Germanium (Ge) is a group IV semiconductor compatible with modern silicon electronics fabrication processes. Ge has an indirect bandgap, so ordinarily it is a poor optical emitter. However, the indirect band-edge is only 0.165 eV below the direct band-edge, and this offset can be decreased or even reversed by applying tensile strain, thus turning Ge into a direct-bandgap material suitable for optical emitters.

Finding suitable fabrication methods to heavily strain Ge while integrating high-Q optical cavities, minimizing non-radiative recombination, and avoiding free carrier absorption can be difficult, but if these obstacles can be overcome, tensile-strained Ge is an excellent candidate for constructing fast and efficient lasers directly alongside conventional silicon electronics.

Inverse Design

Today, most electronic logic is designed using hardware description languages like Verilog and VHDL, which are used to specify the circuit's functionality without requiring knowledge of the physical implementation. Meanwhile, most photonic devices are designed by hand, with a designer selecting a design based on intuition and analytic approximations, and then fine-tuning the design with brute-force simulations.

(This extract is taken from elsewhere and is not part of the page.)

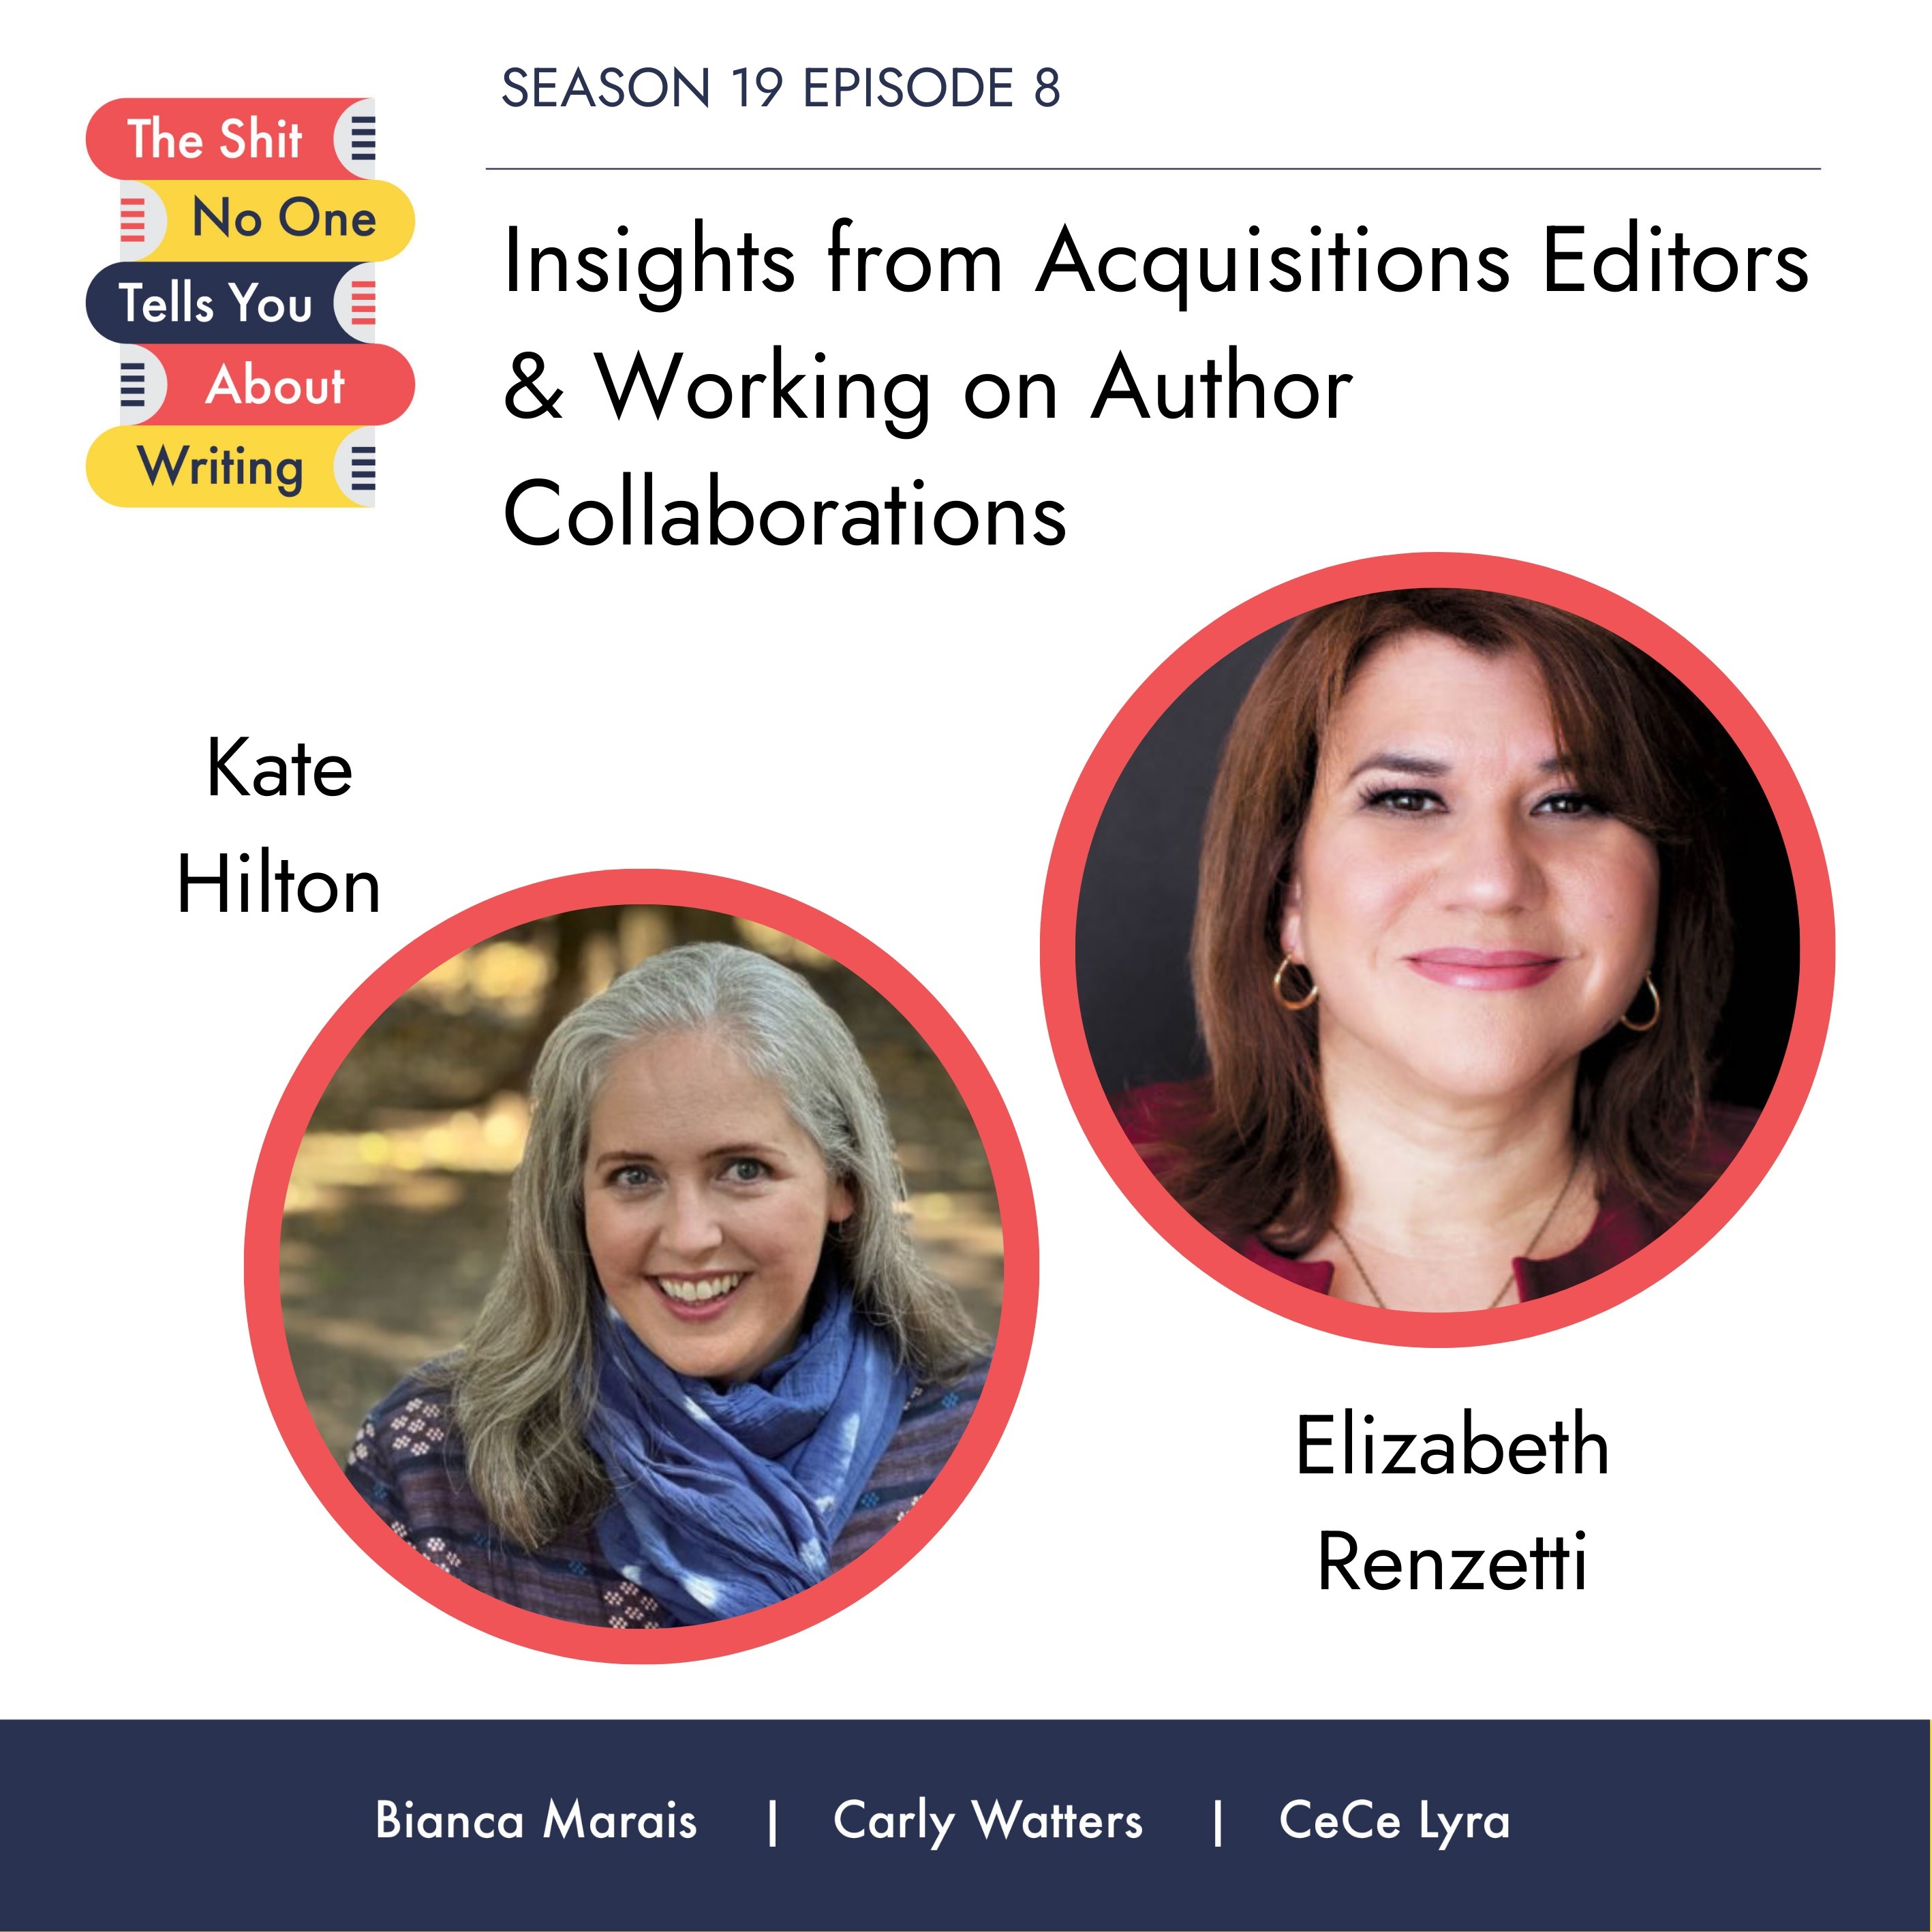 Insights from Acquisitions Editors & Working on Author Collaborations

Using a combination of convex optimization techniques and an "objective-first" design approach, in which Maxwell's equations are temporarily violated during the optimization, we have successfully designed and demonstrated a number of state-of-the-art nanophotonic devices. The design process requires no human input beyond the size of the design area, available dielectric materials, and desired functionality.

Ultrafast and Nano-LEDs

In many applications, the modulation rate and energy use of an integrated optical source is more important than its coherence. As a result, nanocavity-coupled light-emitting diodes (LEDs) are excellent candidates as sources for chip-scale optical communications systems, as a high-Q nanocavity can improve the rate of spontanous emission at a single wavelength while suppressing any other emission within a >100 nm spectral window, all while using <1 femtojoule/bit.

Si Nanowire Solar Cells

Silicon (Si) wire arrays offer a solar cell architecture in which the optical absorption path (wire length) can be decoupled from the carrier collection path (radial). This allows them to tolerate lower-purity Si with a short minority carrier diffusion length while retaining the optical absorption characteristics of wafer-based solar cells.

Furthermore, due to optical concentration effects in micron-scale Si wires, Si wire arrays can absorb more light than an equivalent planar volume of Si, even in the ideal ray-optical limit in which both the front and back surfaces of the planar volume scatter light completely randomly.